The preferred resource portfolio selected in the IRP consists of a blend of thermal
plants, gas-fired plants, renewables, load control programs and DSM. This blend of resource
types was the natural result of the analysis, not due to a preconceived belief by PacifiCorp that a
diverse mix of resource types would be preferable.
PacifiCorp has indicated to Staff its intent to release a series of four RFPs in the
immediate future. The first, expected to be released in approximately 60 days (Staff comment
file date March 26), will be seeking bids for east side capacity resources. The second RFP, to be
issued in approximately 90 days, will be seeking wind or other renewable resources, both on the
east and the west side. A third RFP will be issued in about 120 days for west side capacity
resources. Finally, in early 2004, an RFP will be issued seeking a base load unit in the east.
Staff does not believe it is appropriate to seek new resources through RFPs any
sooner than necessary. There is value in being able to defer decisions. The costs and viabilities
of various resource alternatives are likely to change over time.
PacifiCorp has stated its intent to revise and update its Action Plan at least
annually; it should try to maintain as much flexibility in its resource acquisition efforts.
Staff recommends that PacifiCorp enlist the aid of an independent third party to
ensure that new resource evaluations are fair and complete, and that any Company self-build
options are compared on a non-discriminatory basis.
PacifiCorp intends to keep the Commission and Staff apprised of key resource
activities, by providing procurement program status reports approximately every six months.
Staff recommends that PacifiCorp also keep the Commission and Staff informed as to its
activities and programs on any Requests For Proposals (RFPs).
Staff is satisfied with the preferred portfolio selected in the IRP, but has some
concern as to whether the aggressive level of wind resource acquisitions spelled out in the IRP
can be sustained.
DECISION MEMORANDUM
The Company has designed its Action Plan based on a planning margin of 15%.

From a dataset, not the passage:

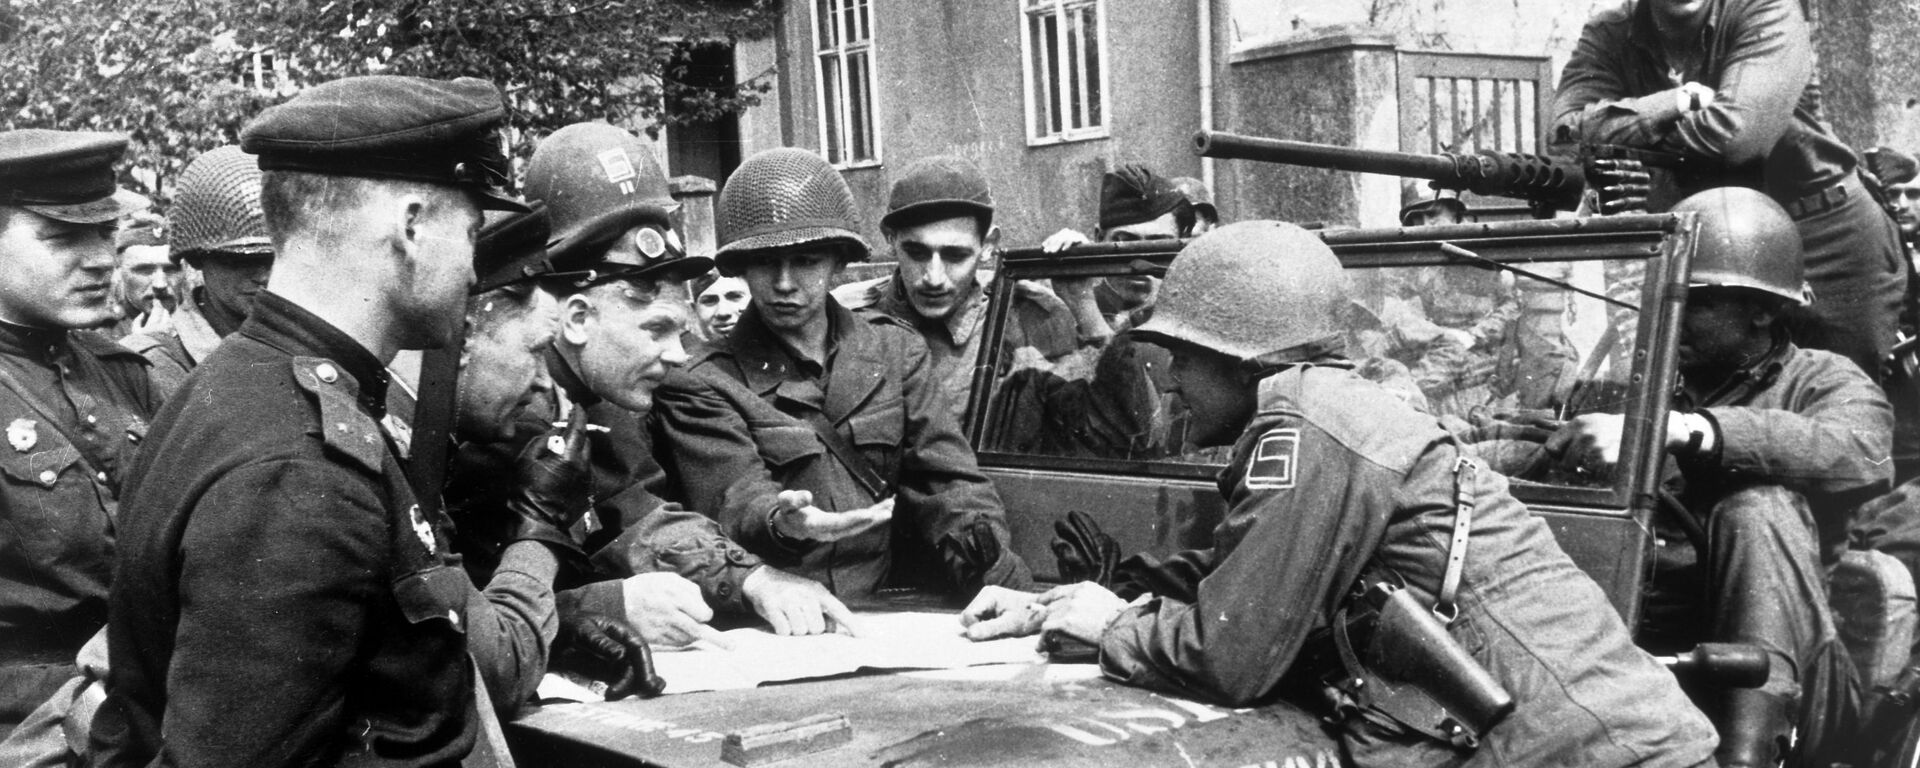 25 апреля 1945 года в районе Торгау на Эльбе войска 1-го Украинского фронта встретились с войсками 1-й армии США. - Sputnik Latvija, 1920, 04.04.2021

Further study of an appropriate planning margin for PacifiCorp will continue and is an
appropriate element of the Action Plan.
Staff is encouraged by PacifiCorp s commitment to more closely align its
resource planning and its business planning. A resource planning function has been created and
organized in the Company s Commercial and Trading Department to ensure integration with
PacifiCorp s resource procurement, trading and risk management functions.
Staff advises that if any other party in this case objects to some portion of the
Company s IRP, that party should participate in the IRP process and seek to express its concerns
and influence the next IRP to be filed in 2005.
Staff has always viewed "acknowledgement" as being closely related to the
process of integrated resource planning, rather than the result. By acknowledging a utility's IRP
Staff believes the Commission is endorsing the process the utility followed in developing the
plan, but not necessarily any actions called for in the plan. The results will be scrutinized in due
course when the utility seeks rate recovery. Presumably, if the utility has followed a fair and
thorough planning process, it will lead to a prudent, least cost, least risk result that can be
supported by the Commission.
Commission Decision
PacifiCorp has submitted its 2003 IRP pursuant to prior Commission direction.
Commenting parties have offered a critique of the IRP and suggested changes and
recommendations. The Commission standard practice with IRP filings is to simply
acknowledge" the filing as complying with prior Commission Orders. How does the
Commission wish to treat PacifiCorp s present filing? How does the Commission wish to treat
the filed comments and recommendations?